3.3 Project Planning

In many cases, projects are not undertaken in isolation. The project may be part of a program composed of many other projects and understanding the dependencies between projects and the technologies that are impacted can become an exasperating problem. In addition, the timely scheduling of resources for different phases of projects is crucial for a successful and cost-effective endeavor. Simulation can be utilized in this case to evaluate different scenarios and roadmaps.

3.4 Time to Market

The application of simulation can also help understand the impact of time to market of the software product. In many industries, a certain window of opportunity for a software release exists, after which expected returns from the market begin to diminish. Simulation can provide indispensable insight to identify these opportunities and the various scenarios, which are both favorable and unfavorable to a software release.

4 Holistic View

At its core, software engineering is the business of creating a software product. This is not a simple or straightforward task for a typical project. It involves collaboration and cooperation between many different stakeholders. To accomplish the task, frameworks have been introduced to ensure the best practices and required functions are engaged at the right times. For example, ITIL provides a set of practices for ITSM, and TOGAF a framework for architecture practices (TOGAF 2005).

However, software engineering concerns are beyond just the technology of the final product. There are distinctive issues related to the business, technology, people, and governance as shown in Fig. 7.2, which play a role in a successful software practice. In each case, the application of simulation can help to ensure a successful design. This section will examine the role simulation plays within these broad categories.

Fig. 7.2
figure 2

Software engineering concerns

4.1 Business Concerns

Business concerns encompass financial- and process-related issues. Within the scope of finance there are business case (expected value of the software) and budgetary (total cost of the software) issues. In contrast, process engineering has broader implications for simulation.

4.1.1 Financial Models

Within software engineering, financial models justify the direction of the design and viability of the project. Hence, they are typically applicable in the early planning stages of a software’s life cycle. A frequently used tool is a Monte Carlo based risk simulator. Users can gain insight on the impact of design decisions and leverage the quantitative analysis for decision-making to reduce the overall risk.

For example, Monte Carlo simulation can generate statistical outcomes for specific design choices for a project and identify the respective cost implications. Then, the decision makers can make more educated project choices with an understanding of the risk that they will incur.

Another application is the use of such simulators to justify the business case for a software project. In this example, possible outcomes are the expected returns on the investment (revenue, customer satisfaction measures, and market share) to support the decision of undertaking the design commitment.

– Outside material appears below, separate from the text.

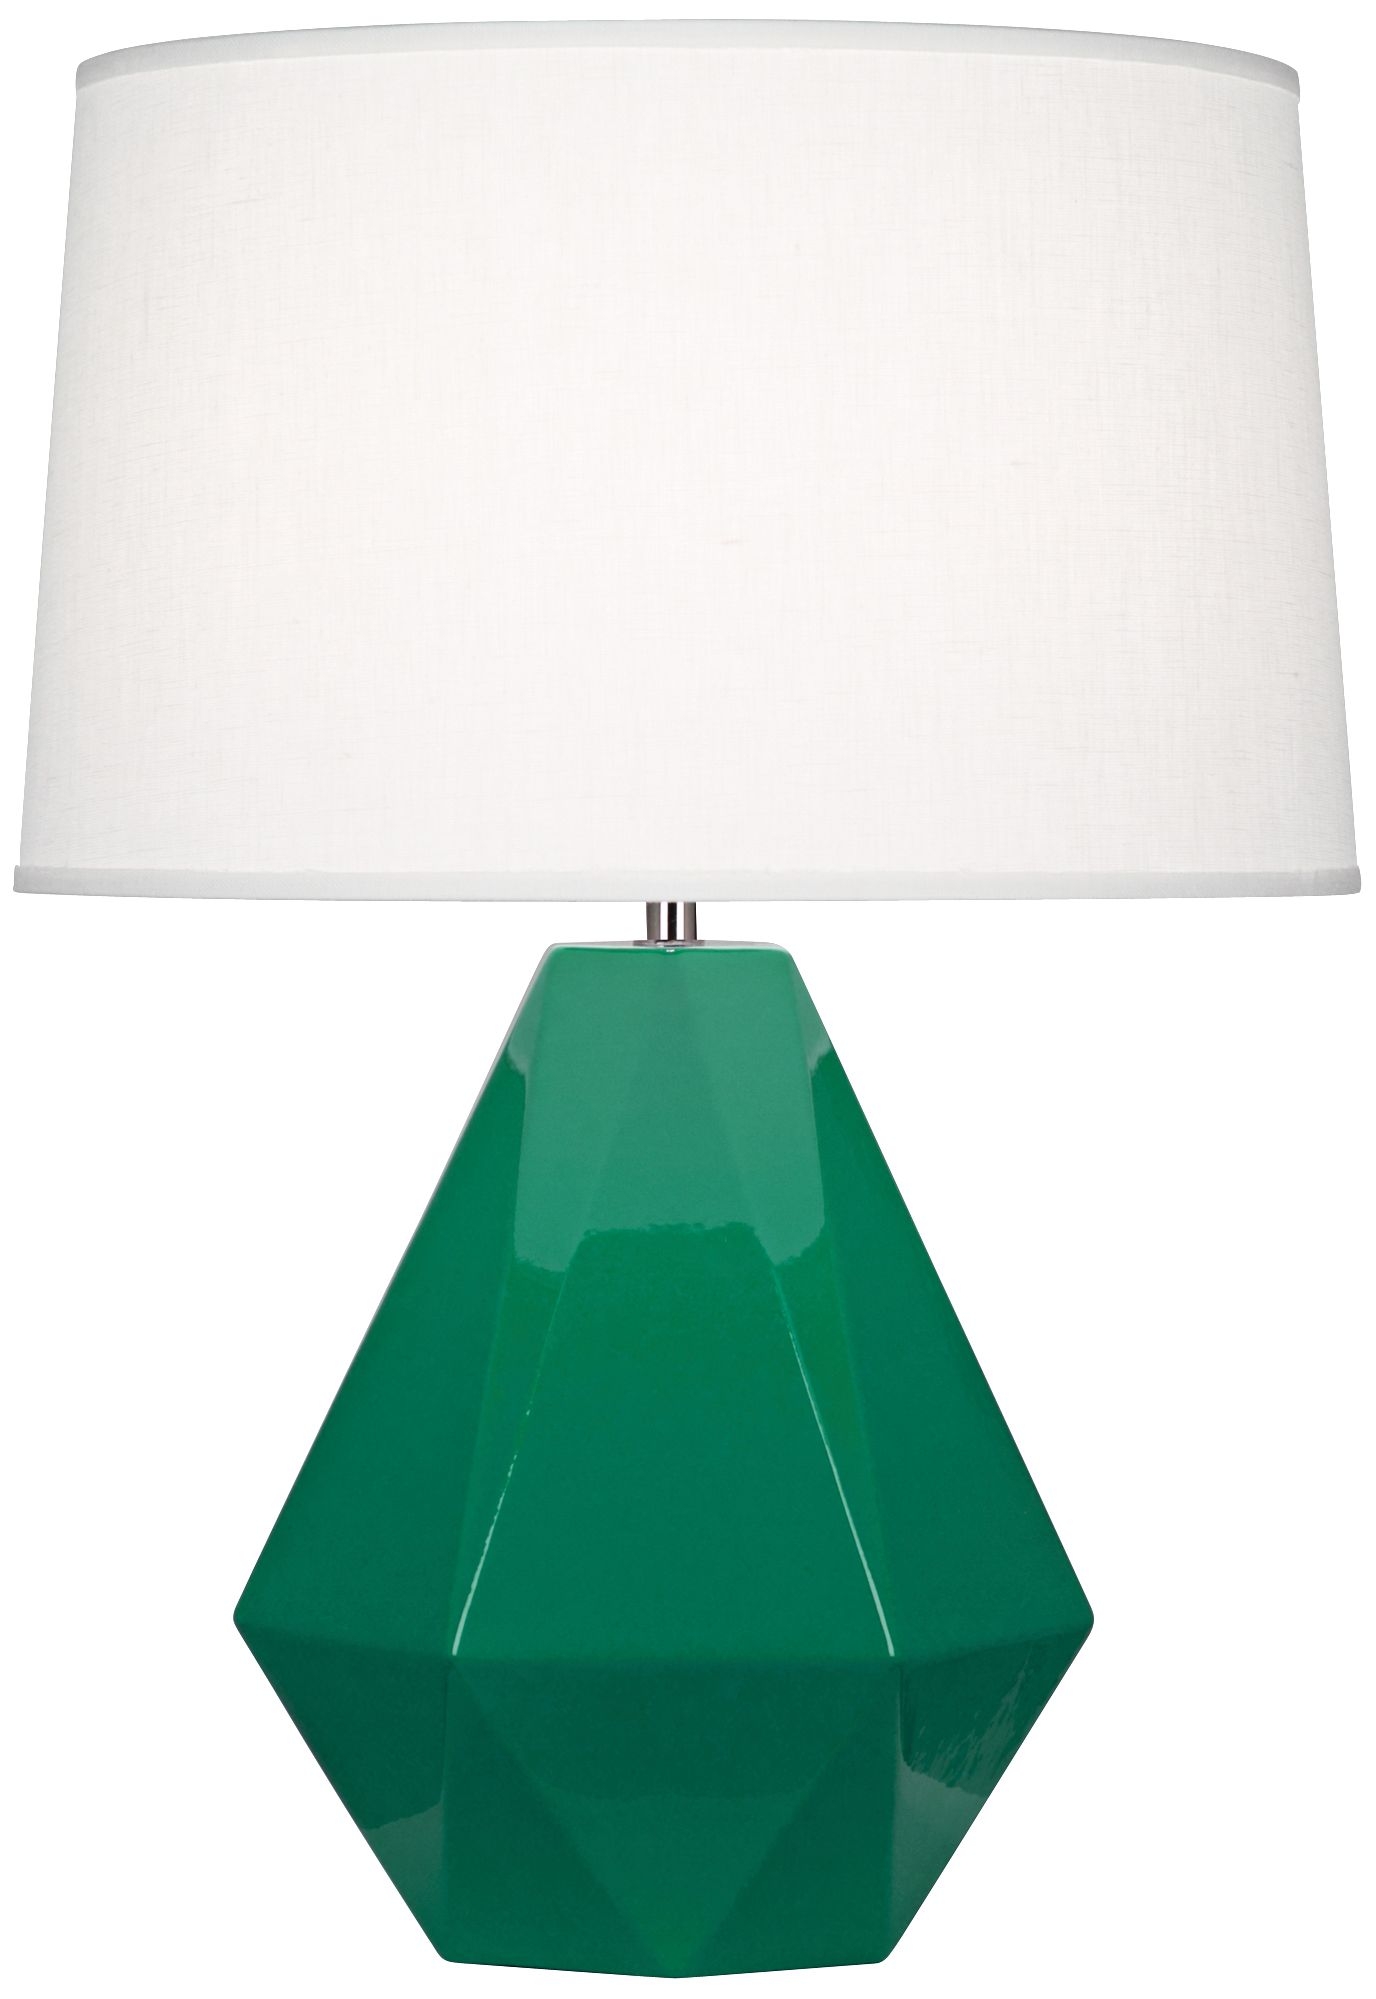 Emerald Glazed Table Lamp - Image 0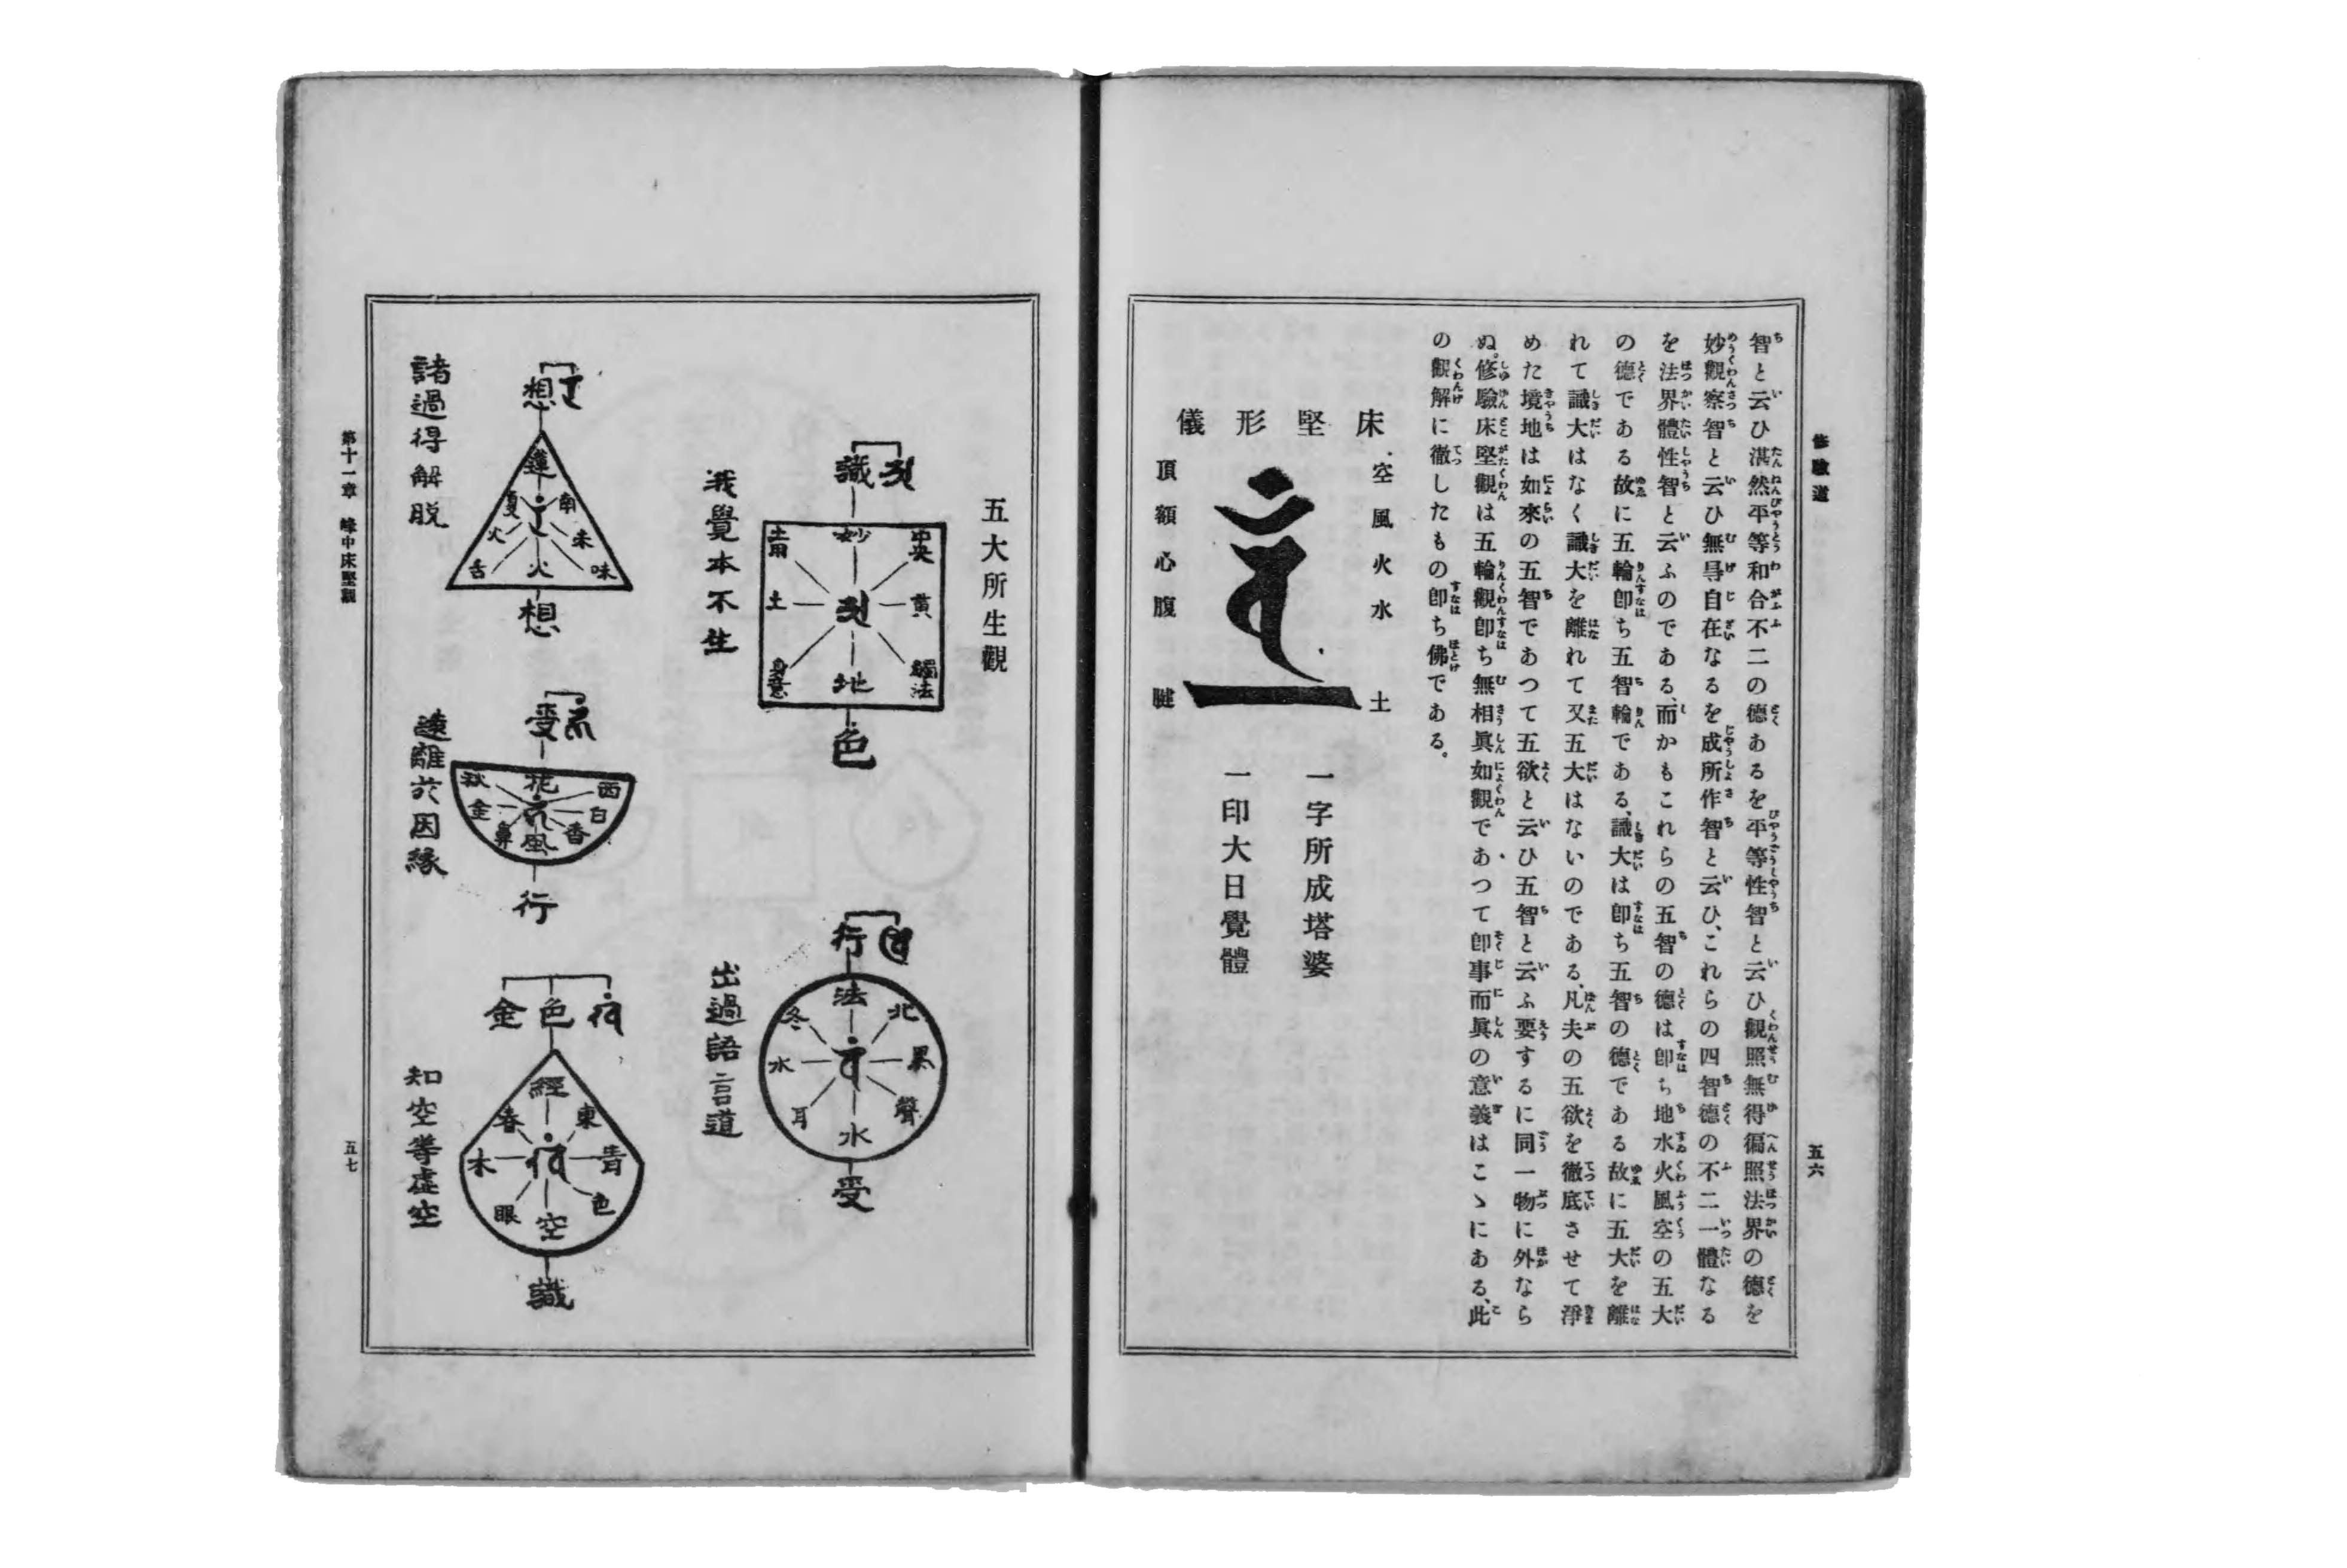 Cinco elementos (filosofia japonesa) – Wikipédia, a enciclopédia livre

The applicability of financial simulations is mostly early in the design life cycle where access to precise data may be problematic; hence, their usefulness is dependent upon the accuracy of the available information for the models. If the margin of error of the input is high, the effectiveness of the simulated results will be questionable. However, if the model is maintainable and augmentable with new information, it can also be more useful in latter stages of a project to answer similar financial concerns.

4.1.2 Process Simulation

Process modeling and the subsequent activity of process simulation is a mature and common practice in software engineering with a substantial history of research and successful applications (Zhang et al. 2011; Bai et al. 2011). This is due to the fact that a complex software engineering endeavor will typically affect a multitude of business process (es). For example, new software may require a different level of interaction than its predecessor, or if a manual process will undergo some form of automation, the executable sequence of tasks may require modification (to adapt to the automated workflow). It is often difficult to make good design decisions around the process that accompanies a software product. It is also difficult to persuade the stakeholders of the benefits of a process change. These are areas where technicians successfully leverage simulation.

Process simulation is a generic enough practice that any general-purpose simulation language can be utilized. However, there is standard notation available too. For example, the Business Process Modeling Notation (BPMN) provides a standard representation for processes (White 2008). Many tools that support modeling using BPMN also have some form of simulation support. The advantage of using a standard enables the models to be more widely consumable and understandable by the business stakeholders. Hence, it can be an effective communication tool when persuading them of the benefits of a process design. They are intuitive and require knowledge of BPMN—which is not difficult to acquire in the business analysis market. However, BPMN tools use simulation in a limited fashion—mostly supporting visualization of flow in a process—that limits the potential benefits that are usually available in simulators that are more sophisticated. The typical strengths of general-purpose simulation environments such as powerful animation (visualization), statistical analysis and support of experimentation, and a rich set of random distribution support is rarely available in a BPMN tool. The drawback of such simulation environments however, is the need for specialized resources and training to use the environments, which may be beyond the means of restricted budgets. This tradeoff needs careful consideration when deciding upon the appropriate toolset to use.

4.2 Technology Concerns

Technological concerns relate to how simulation supports users develop the technical product during a design and implementation phase of a project. The tools common to this phase have similar characteristics to the target implementation. Similar to the business concerns, standards do prevail in many cases.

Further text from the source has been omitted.